[Telepathy] [gnutls-devel] mcabber GnuTLS related problem
simon.mcvittie at collabora.co.uk
Fri Aug 30 06:34:32 PDT 2013
On 29/08/13 20:33, Niels Ole Salscheider wrote:
>>> This is with the default priority strings:
For testing/debugging, you can set WOCKY_GNUTLS_OPTIONS="NORMAL" (or
whatever) in telepathy-gabble's environment to override these priority
strings. telepathy-gabble is an "activated" D-Bus service, so altering
its environment might involve replacing the binary with a wrapper script
that sets environment variables and execs the original binary.
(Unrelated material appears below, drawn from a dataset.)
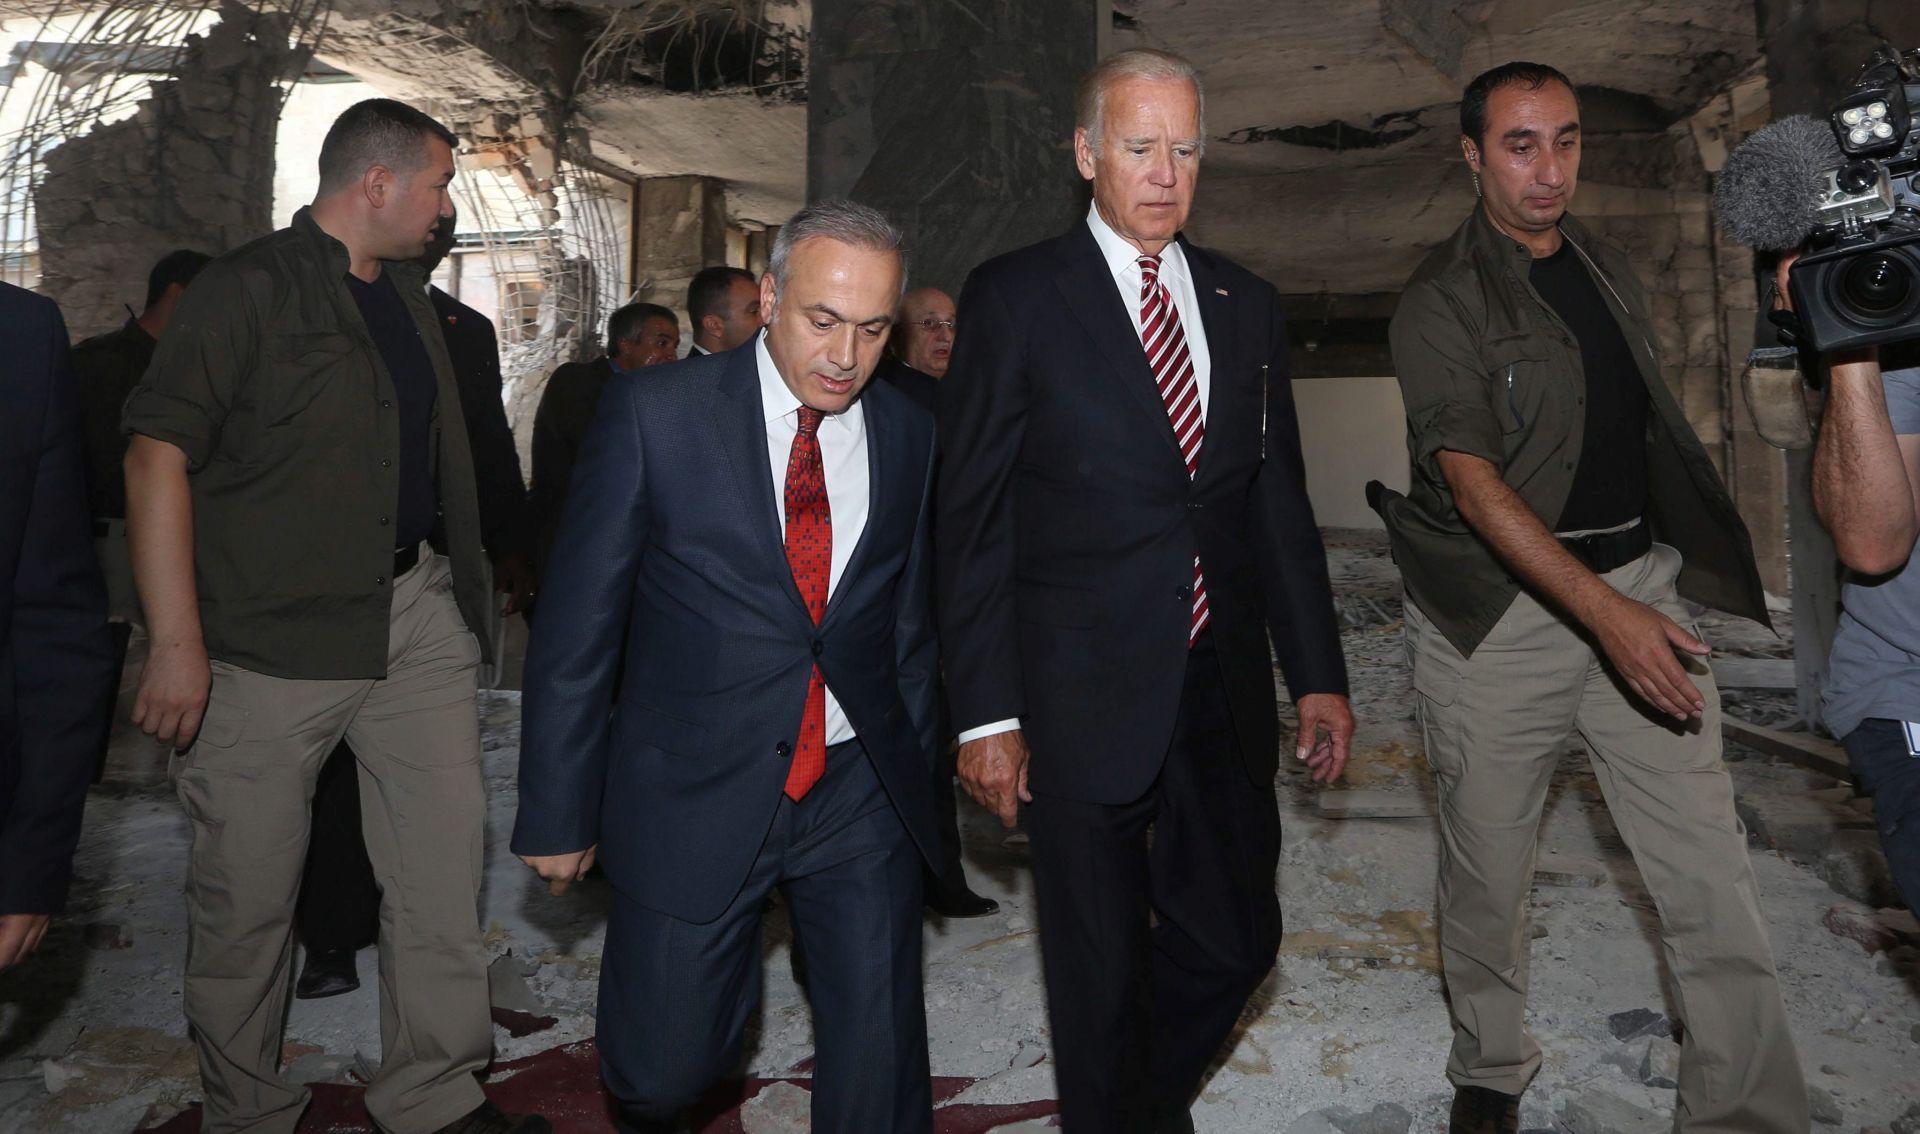 AMERIČKA POTPORA: Biden poziva sirijske Kurde da se povuku istočno od Eufrata
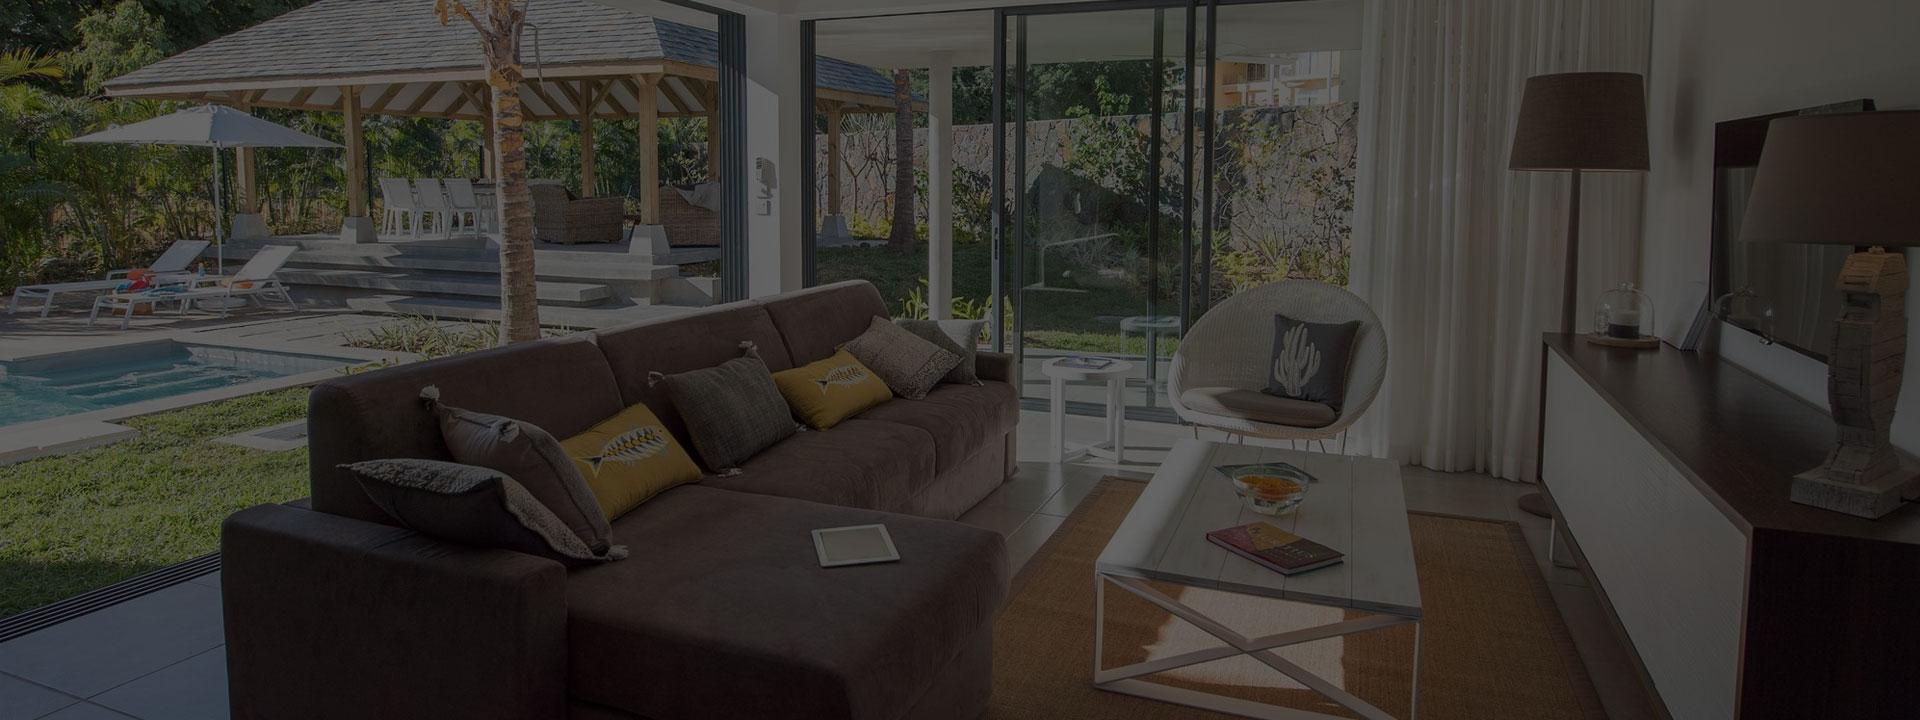 Conseils pour trouver la location immobiliere ideale

>> In general there is no reason to use compression with TLS. It
>> can only cause harm (including reveal of plaintext).
XMPP is a fairly verbose protocol (XML, with namespaces used for
extensibility). I'm led to believe that XMPP + deflate is much more
If the GNUTLS team's considered opinion is "using deflate is now too
dangerous, and the bandwidth reduction isn't worth it" then we can get
rid of that bit, and point anyone who complains to that explanation.
What priority string would the GNUTLS team recommend for XMPP traffic?
(If the answer is "don't call gnutls_priority_set_direct() by default at
all", that'll be a little more code, but we can do that.)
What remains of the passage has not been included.